• DATASET EXTRACT:

******

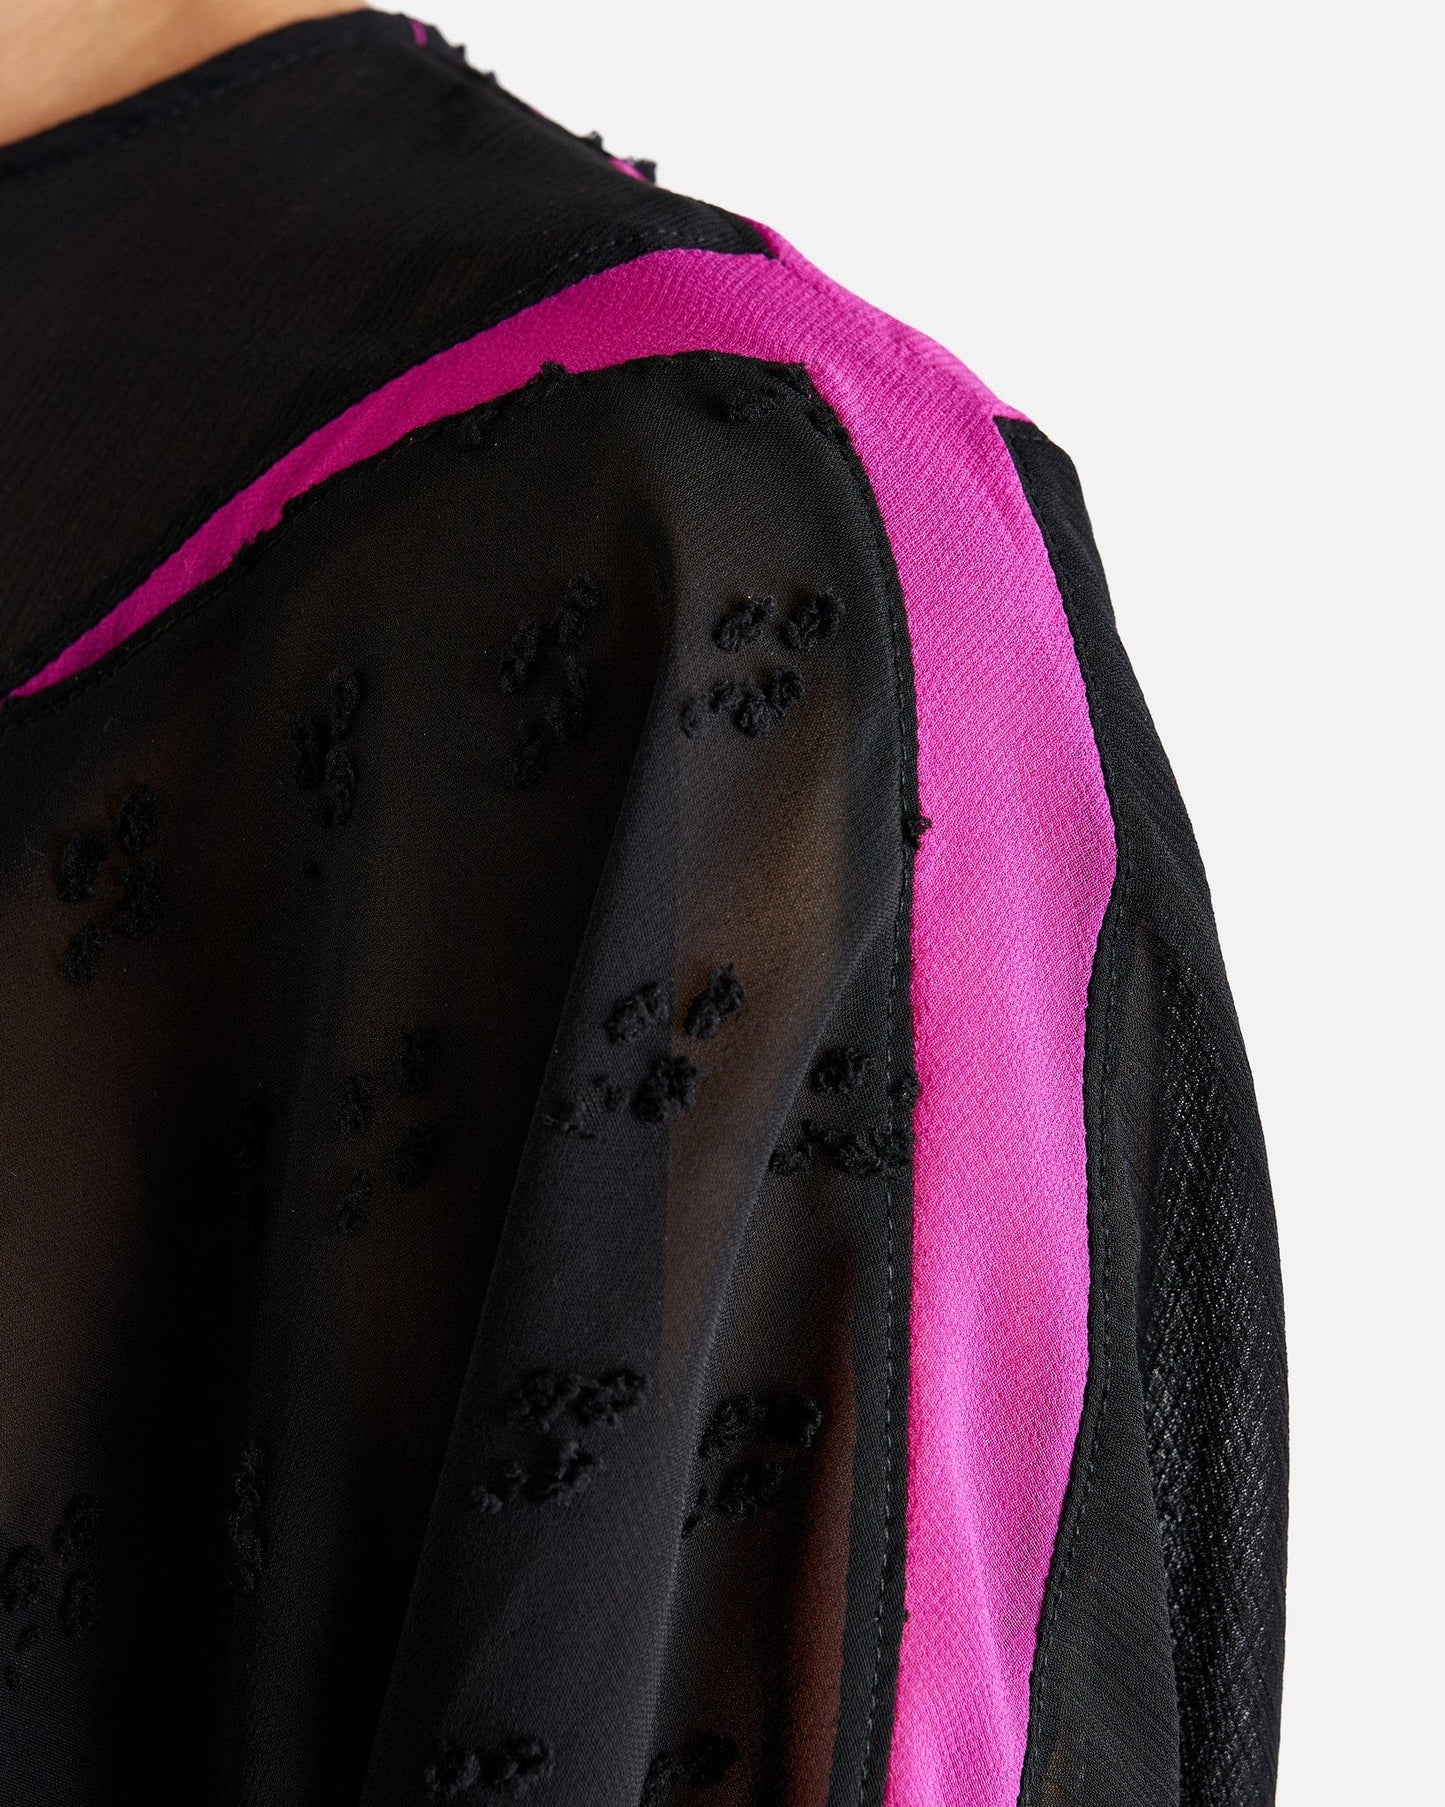 Paolina Russo Women Dresses Bat Sleeve Maxi Dress in Black/Pink
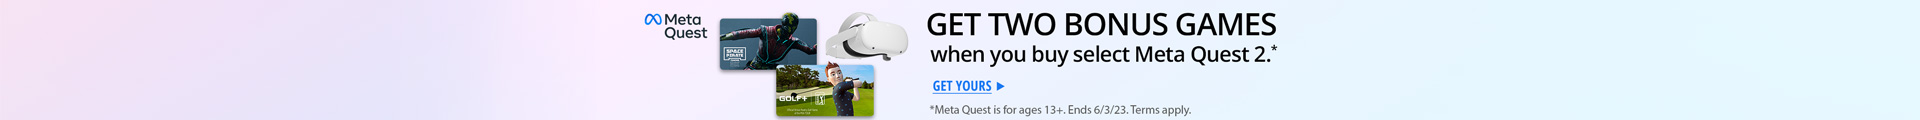 Get two Bonus Games when you buy select Meta Quest 2
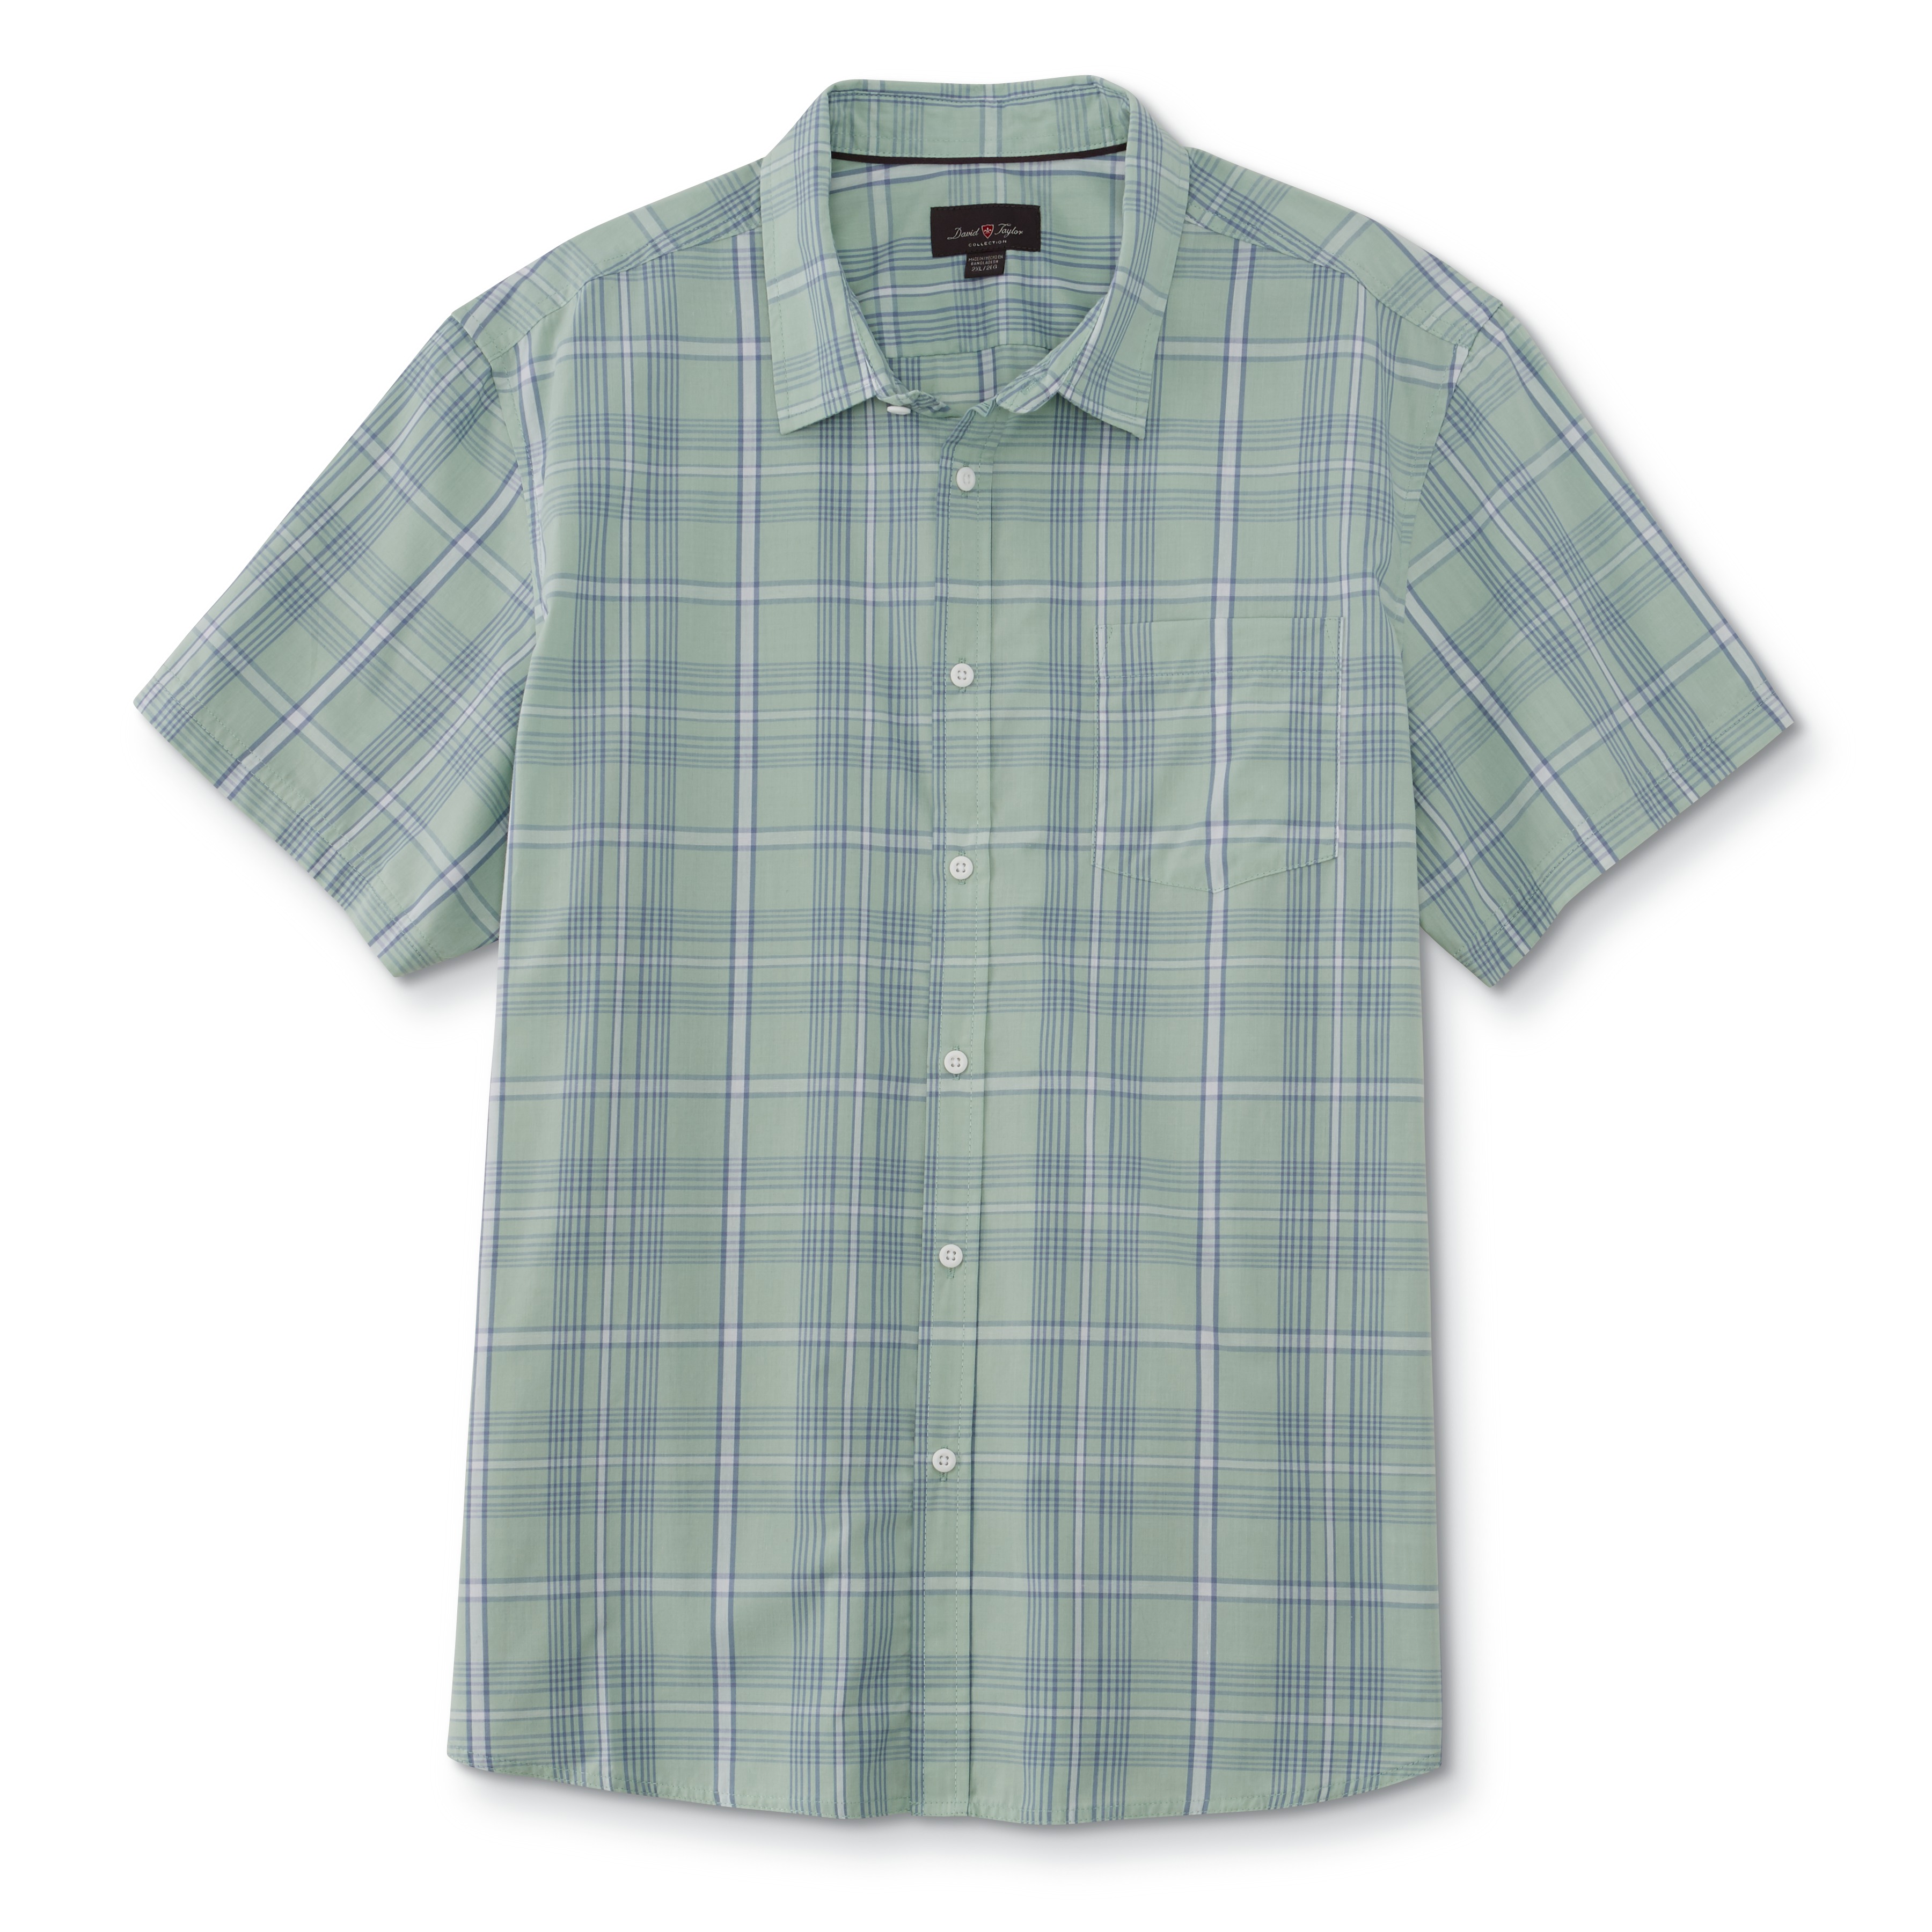 David Taylor Collection Men's Short-Sleeve Oxford Shirt - Plaid

******

• WHAT IS BEING ASKED: Keep the pictures out while you retype all of the data above exactly as it appears.

• EXERCISE RESPONSE:
 Paolina Russo Women Dresses Bat Sleeve Maxi Dress in Black/Pink
 Get two Bonus Games when you buy select Meta Quest 2
 David Taylor Collection Men's Short-Sleeve Oxford Shirt - Plaid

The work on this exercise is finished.